#### HOW TO COMPLETE THIS TASK
The listing below is to be given again in full and word for word, without its images.

#### GIVEN MATERIAL
=== Section Start ===

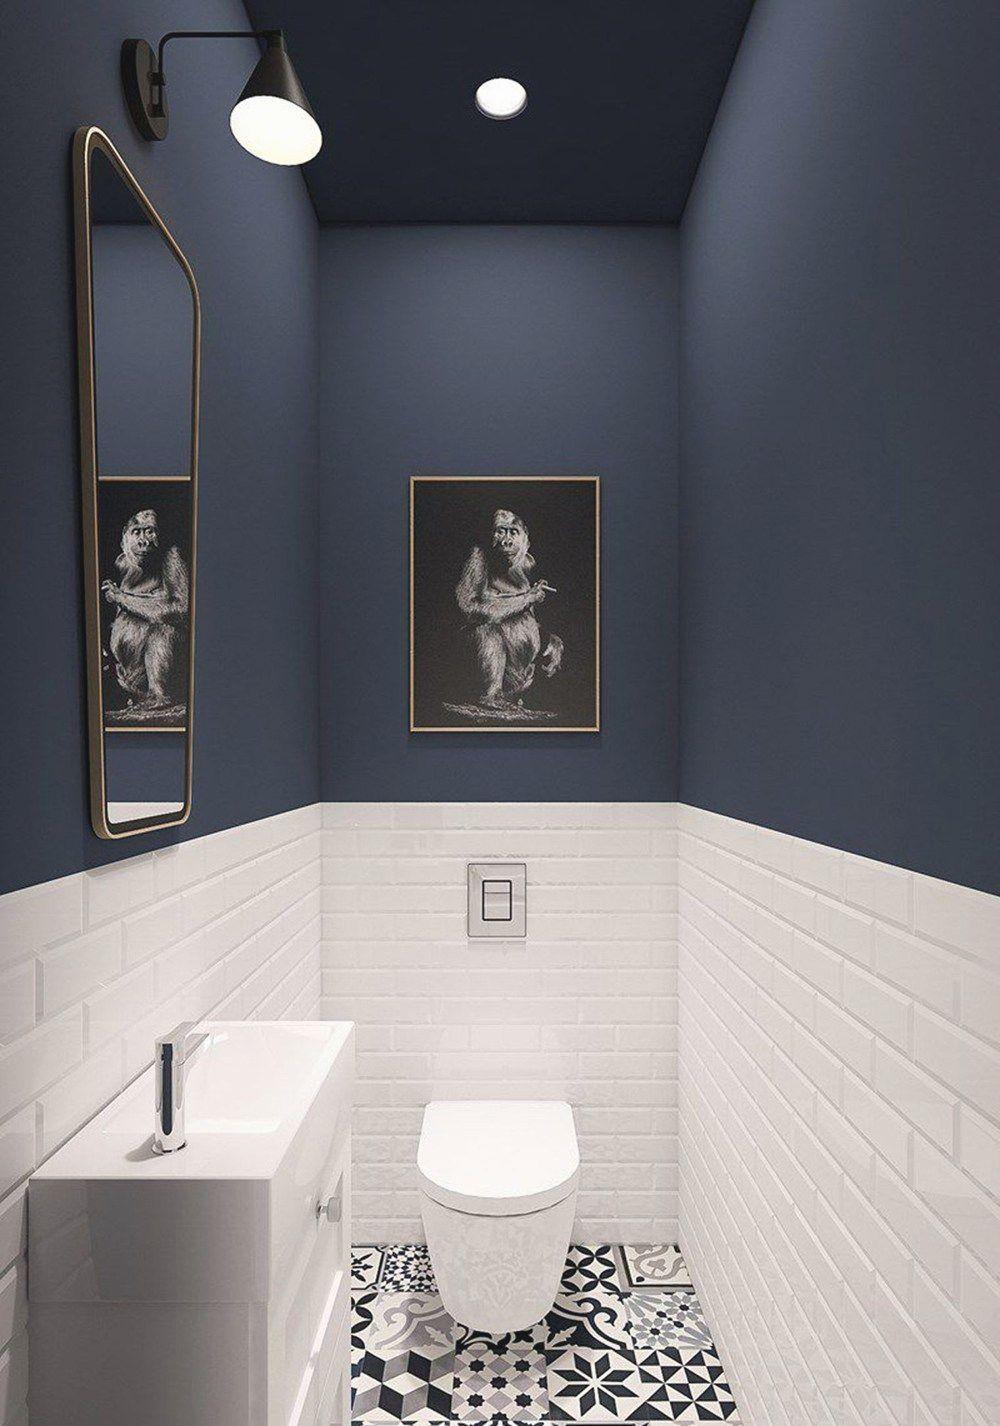 7 Home Decor Ideas Small Toilet Room Bathroom Design Trends Blue Wall Colors
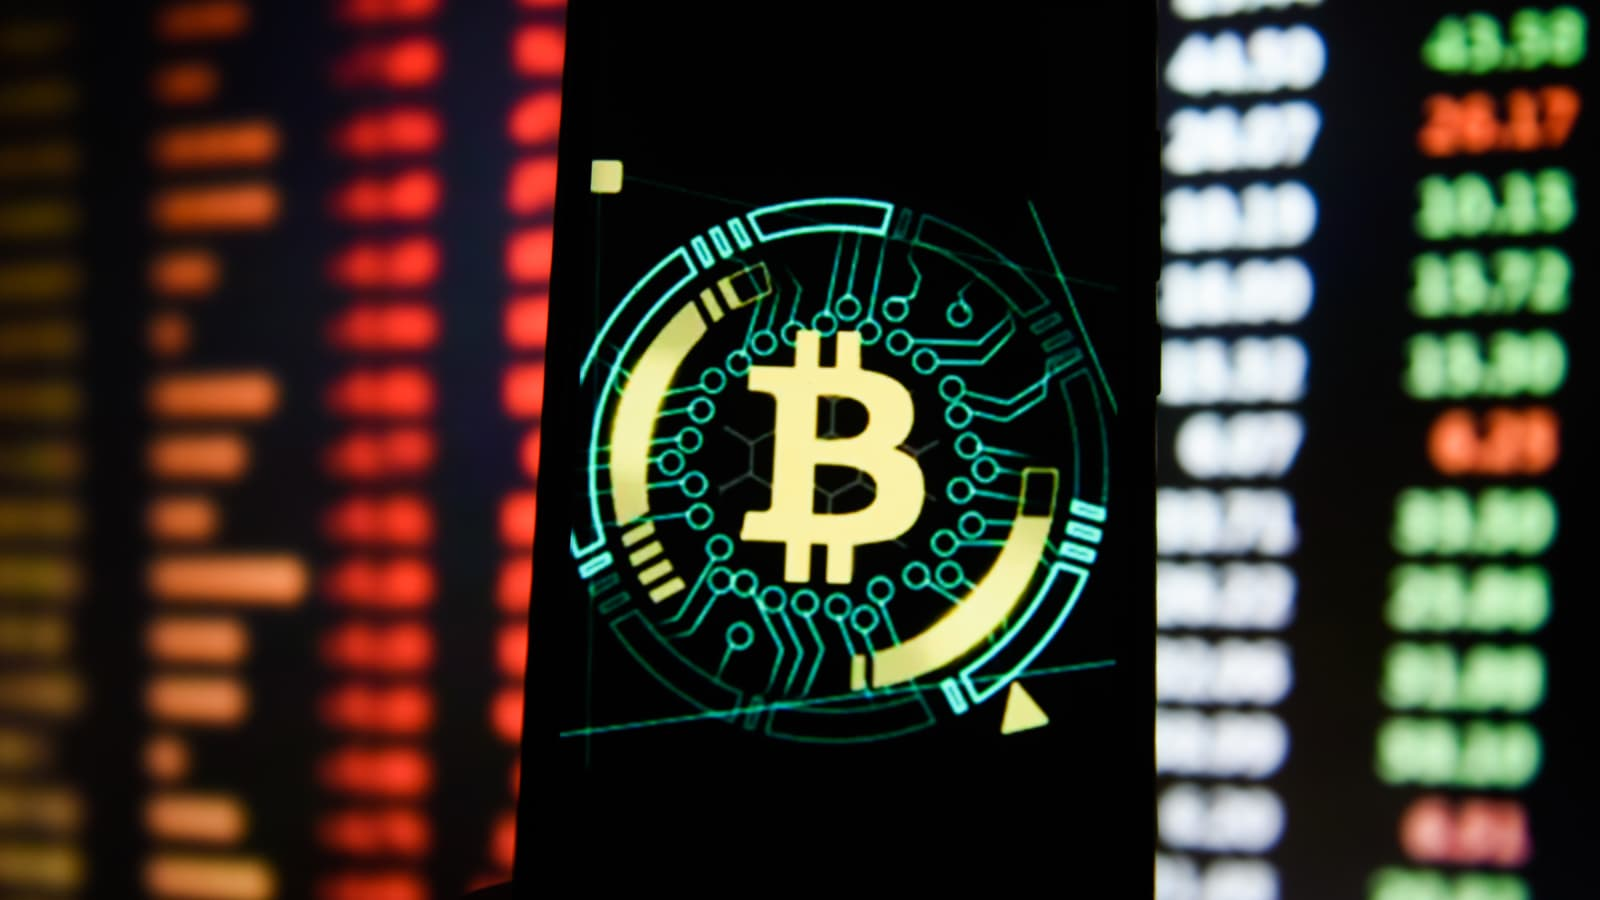 28 million bitcoins seized vehicle badminton sport information betting
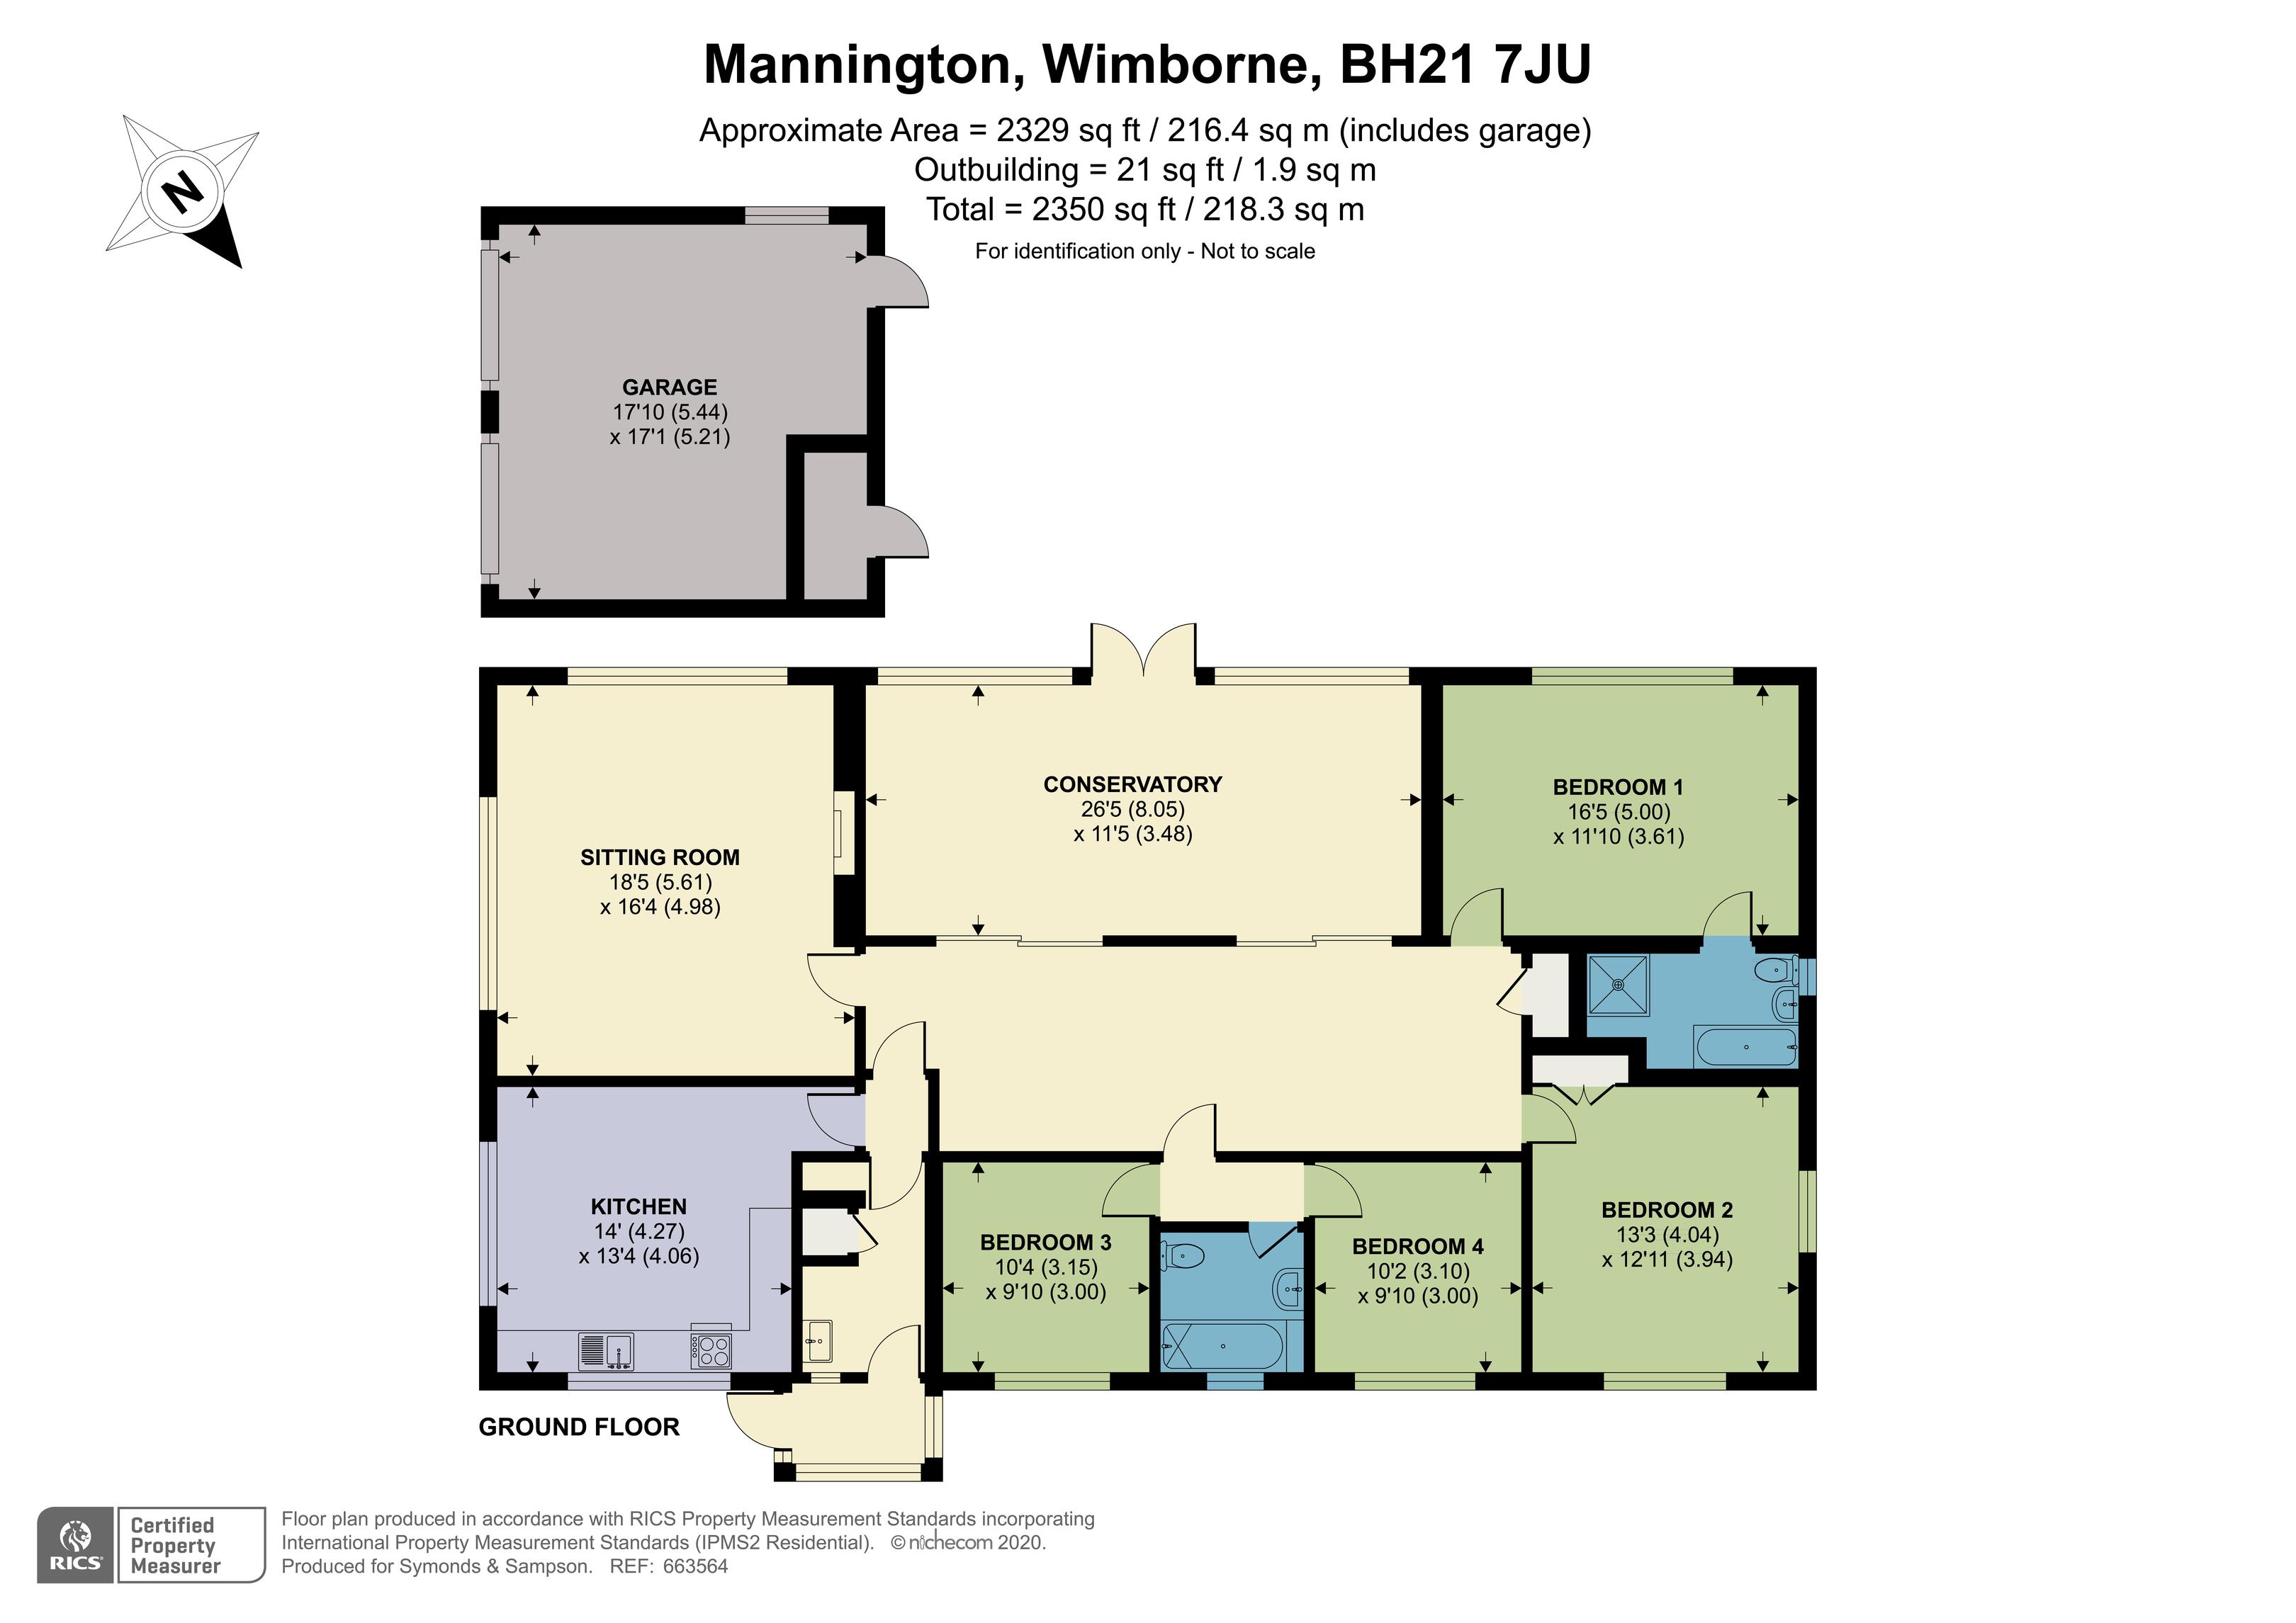 Floorplan - Brooklands Farm, Mannington, Wimborne, BH21 7JU

=== Section End ===

#### RESPONSE TO THE EXERCISE
 7 Home Decor Ideas Small Toilet Room Bathroom Design Trends Blue Wall Colors
 28 million bitcoins seized vehicle badminton sport information betting
 Floorplan - Brooklands Farm, Mannington, Wimborne, BH21 7JU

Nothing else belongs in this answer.